Honing the Craft of Instructional Design
So I began to practice creating and arranging the building blocks of our trade for online learning. They include:
Stories: Narratives, scenarios, and business cases
Images: Models, infographics, scene, and animation
Audio: Recorded narration and sound effects
Interaction: Learner decisions and responses
No matter what device we are using, we arrange these elements into relevant and beneficial knowledge. When we have trouble writing an interesting story, we don’t jump online looking for new letters to add to our 26-character alphabet. We practice and work hard to use the letters we have in novel and engaging ways.
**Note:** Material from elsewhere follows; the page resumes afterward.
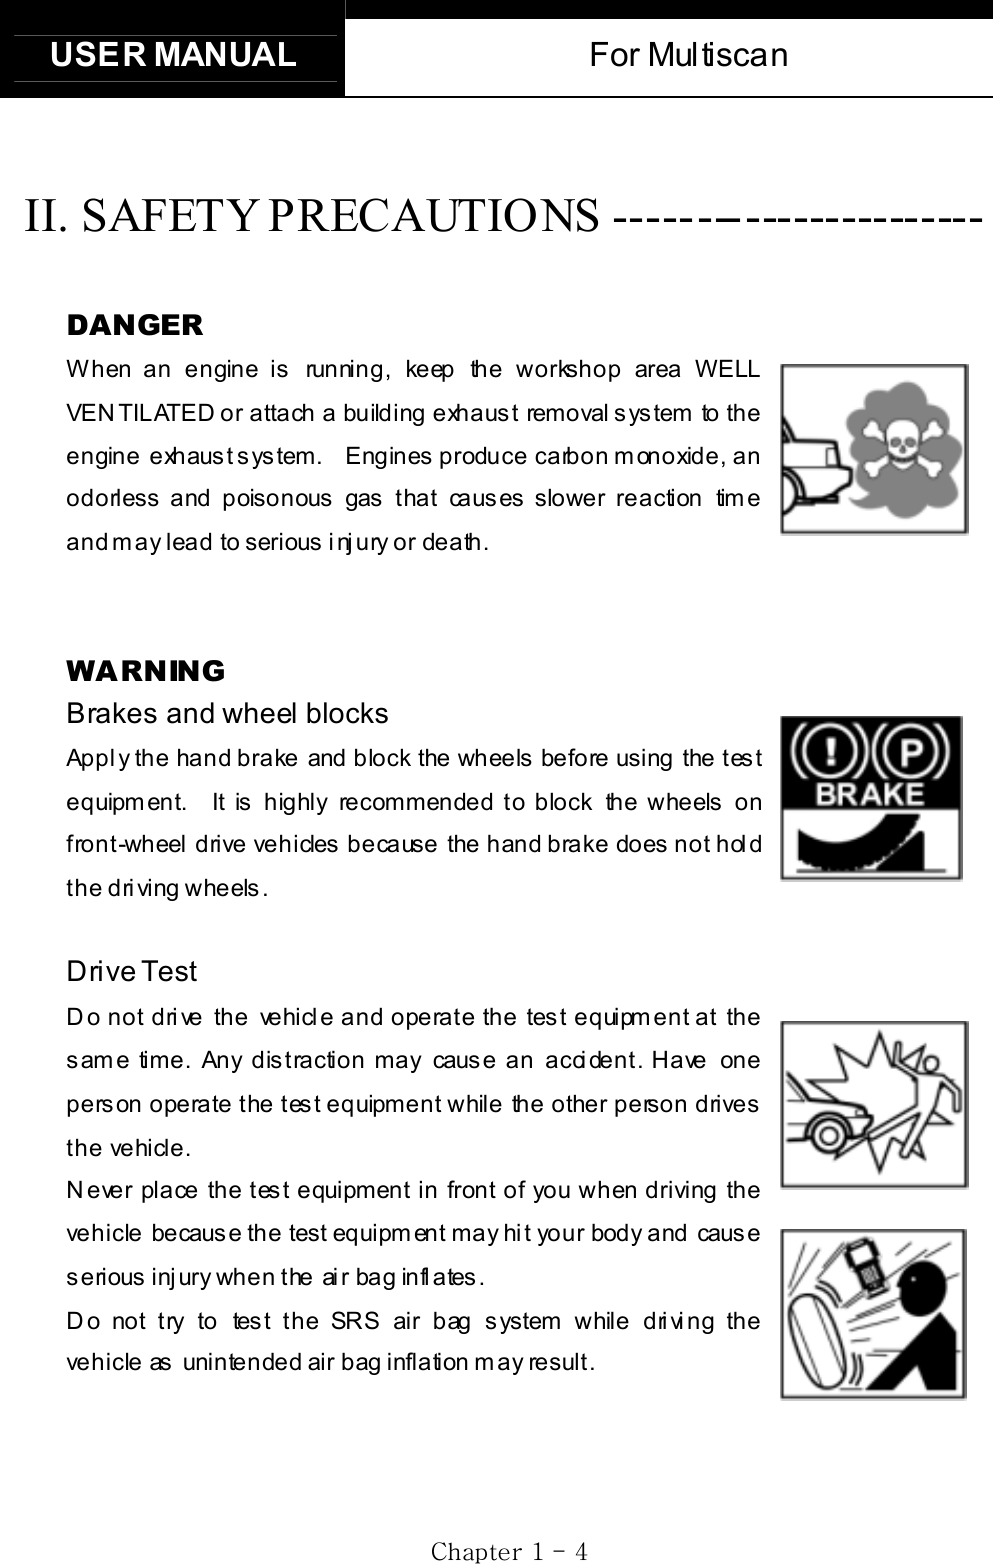 USER MANUAL  For Multiscan   GjGXGTG [GGII. SAFETY PRECAUTIONS ----------------------- GDANGER When an engine is running, keep the workshop area WELL VENTILATED or attach a building exhaust removal system to the engine  exhaust system.    Engines produce carbon monoxide, an odorless and poisonous gas that causes slower reaction time and may lead to serious injury or death. GGWARNING Brakes and wheel blocksApply the hand brake and block the wheels before using the test equipment.  It is highly recommended to block the wheels on front-wheel drive vehicles because the hand brake does not hold the driving wheels. GDrive Test Do not drive the vehicle and operate the test equipment at the same time. Any distraction may cause an accident. Have one person operate the test equipment while the other person drives the vehicle. Never place the test equipment in front of you when driving the vehicle becaus e the test equipm ent may hi t your body and caus e s erious  inj ury when the ai r bag infl ates .   D o not try to tes t the SRS air bag s ystem while dri vi ng the vehicle as unintended air bag inflation may result.

And that’s why these are the building blocks at the heart of Training’s upcoming Online Learning Conference to be held September 17-19 in Chicago, as sessions will include:
- Designing Engaging E-Learning
- Creating Must-See Video
- Adapting E-Learning for Mobile Devices
- Mastering the Virtual Classroom
- Leveraging Scenario-Based Techniques
Letting Tools Be Tools
In the end, tools are exciting, and can make our development processes easier, but they should never be a substitute for strong instructional design—whether it is for a classroom course or an online module. Find the tools that enable you to create the building blocks above. Become an expert in those tools. Then, if a new development tool comes along, you will be able to see its benefit to your organization, and decide whether you should invest time and money in it.
Learning from Others
Finally, glean new methods of instructional design, development, and tools from the communities around you. Listen and adapt what you learn into your courses and materials, and then go back for more. Find those trusted advisors outside your organization who will inspire new arrangements of the building blocks.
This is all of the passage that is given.